§ **DATA EXCERPT**
********************

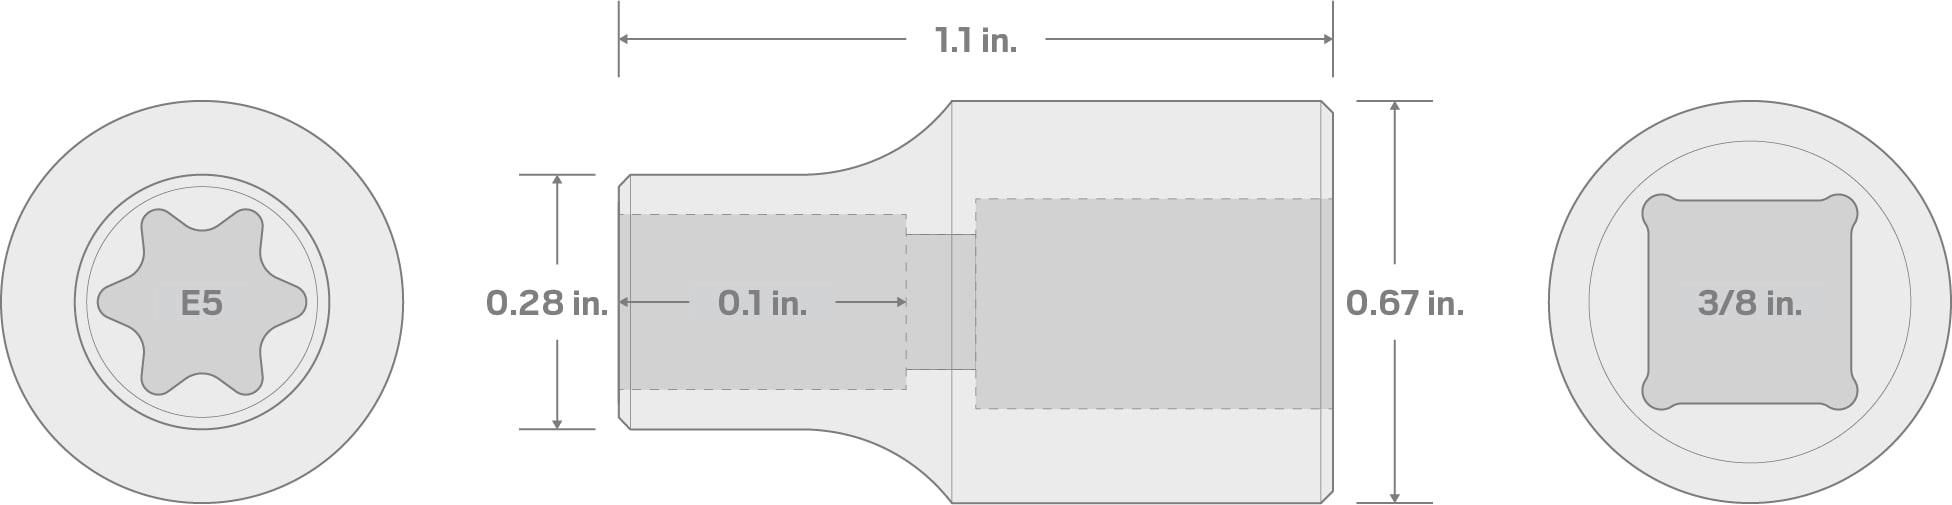 Specs for 3/8 Inch Drive x E5 External Star Socket
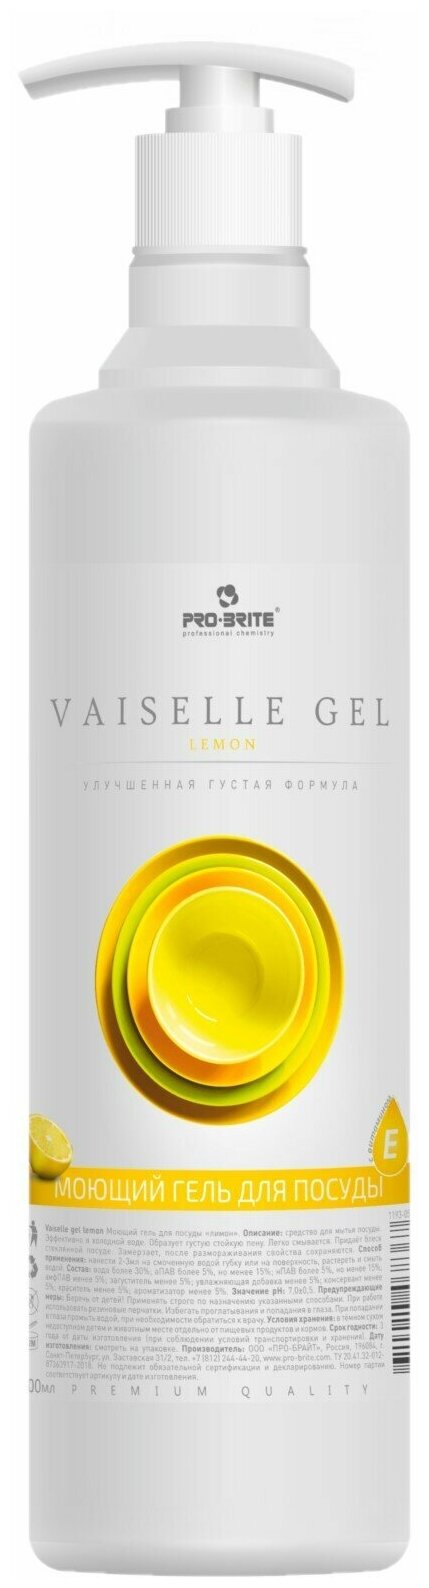 Pro-Brite Vaiselle Gel Lemon Моющий гель для посуды с витамином "Е" 500мл.
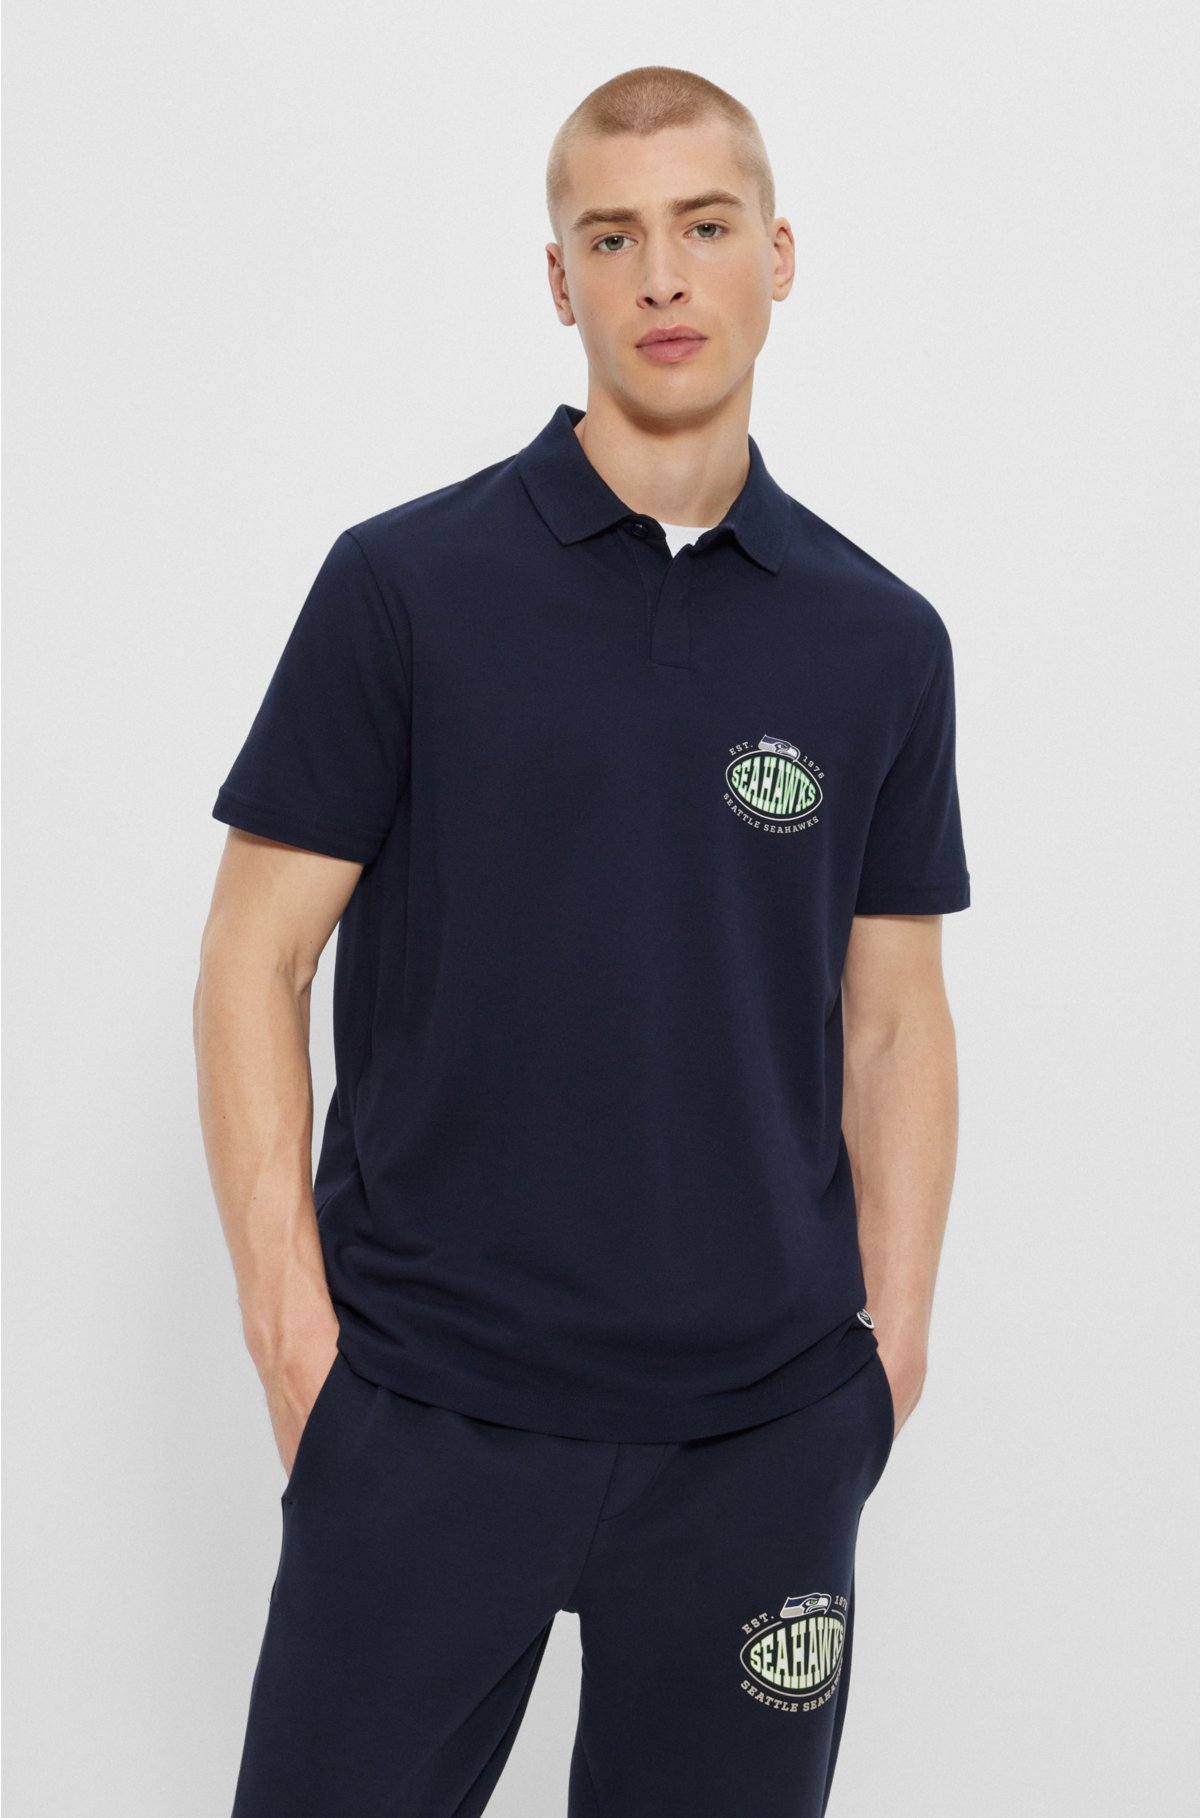 BOSS x NFL cotton-piqué polo shirt with collaborative branding, Seahawks

********************

§ **TASK INSTRUCTIONS**
Could you write out every line above exactly as it stands, with no images?

§ **WRITTEN REPLY**
 Specs for 3/8 Inch Drive x E5 External Star Socket
 Pro-Brite Vaiselle Gel Lemon Моющий гель для посуды с витамином "Е" 500мл.
 BOSS x NFL cotton-piqué polo shirt with collaborative branding, Seahawks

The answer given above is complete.